NetBackup CloudScale pods may go into pending status when the max number of pods threshold has been exceeded
Problem
NetBackup CloudScale pods may go into pending status when the max number of pods threshold has been exceeded.
Error Message
Performing a describe on the pod in a pending state you see:
# kubectl describe pod <pod_in_pending_state> -n netbackup
Events:
Type Reason Age From Message
---- ------ ---- ---- -------
Warning FailedScheduling 79s (x15182 over 13d) default-scheduler 0/10 nodes are available: 1 Too many pods, 1 node(s) had taint {group: cpdata}, that the pod didn't tolerate, 2 node(s) didn't match Pod's node affinity/selector, 2 node(s) had taint {group: media}, that the pod didn't tolerate, 4 node(s) had taint {group: msdp}, that the pod didn't tolerate.
Cause
The number of pods per a node was exceeded. This max number of pods can vary depending on the instance type.
Solution
Identify the max number of pods the node can handle:
Describe one of the nodes to determine the max-pods for the node.
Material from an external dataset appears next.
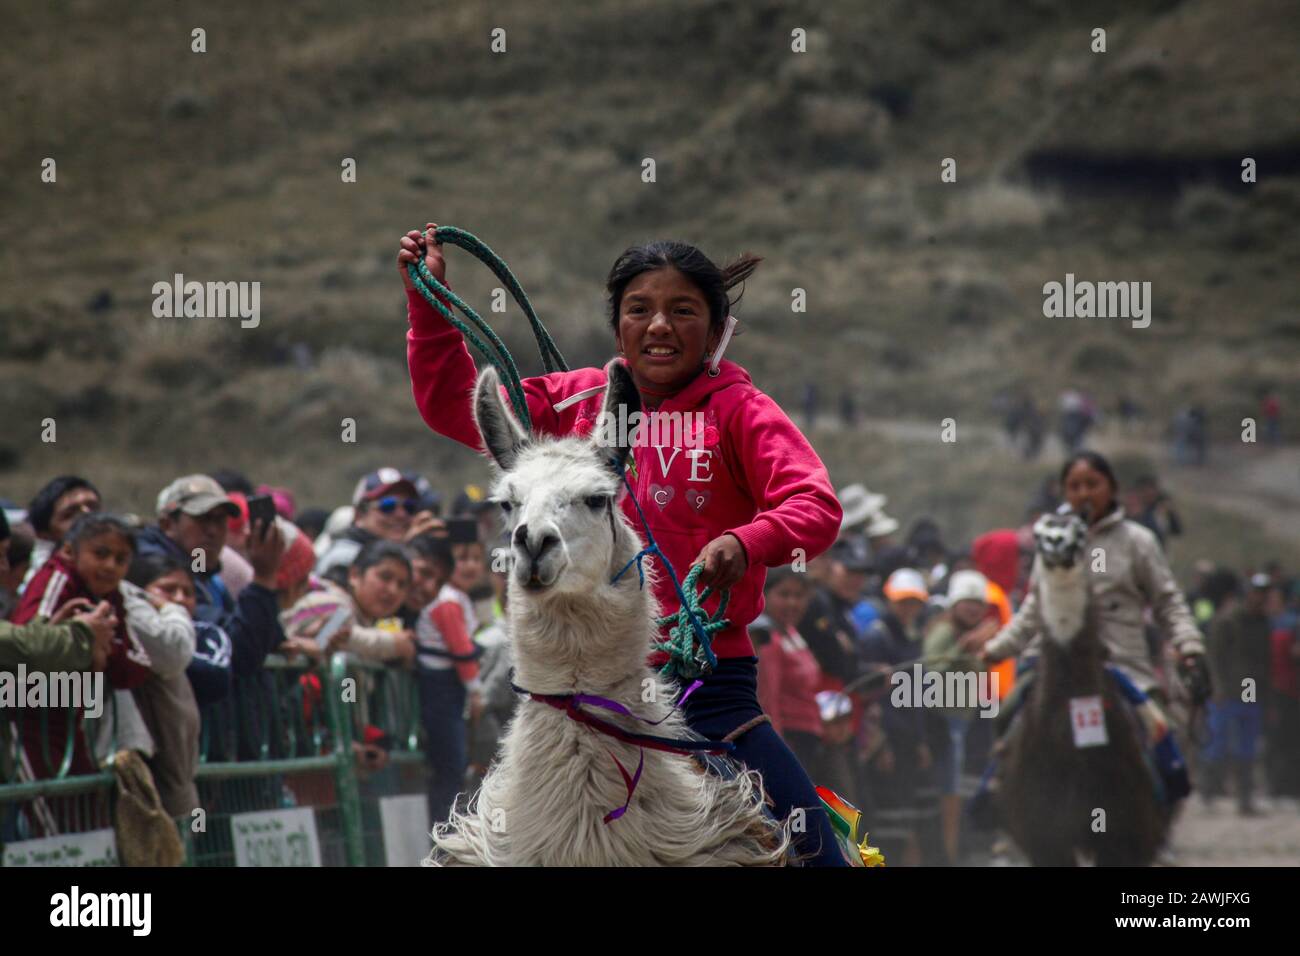 Dpatop - 08 février 2020, Equateur, Quito: Participant Irma Santafe conduit son llama et prend la troisième place dans la course traditionnelle de llama dans le parc national de Llanganates dans la province de Tungurahua à 4100 mètres d'altitude. Photo: Juan Diego Monténégro/ Banque D'Images

# kubectl describe node <node-name>
The example output is as follows.
...Allocatable:
attachable-volumes-aws-ebs: 25
cpu: 1930m
ephemeral-storage: 76224326324
hugepages-1Gi: 0
hugepages-2Mi: 0
memory: 7244720Ki
pods: 110
...
In the previous output, 110 is the maximum number of pods that Kubernetes will deploy to the node.
AWS also has a script that can be ran to identify the max number of pods per an instance:
https://docs.aws.amazon.com/eks/latest/userguide/choosing-instance-type.html#determine-max-pods
They are multiple ways to address this, but the bottom line is you need to increase the available pods. This can be done by adding a node to the node pool, or changing the instance type to one that can handle more pods.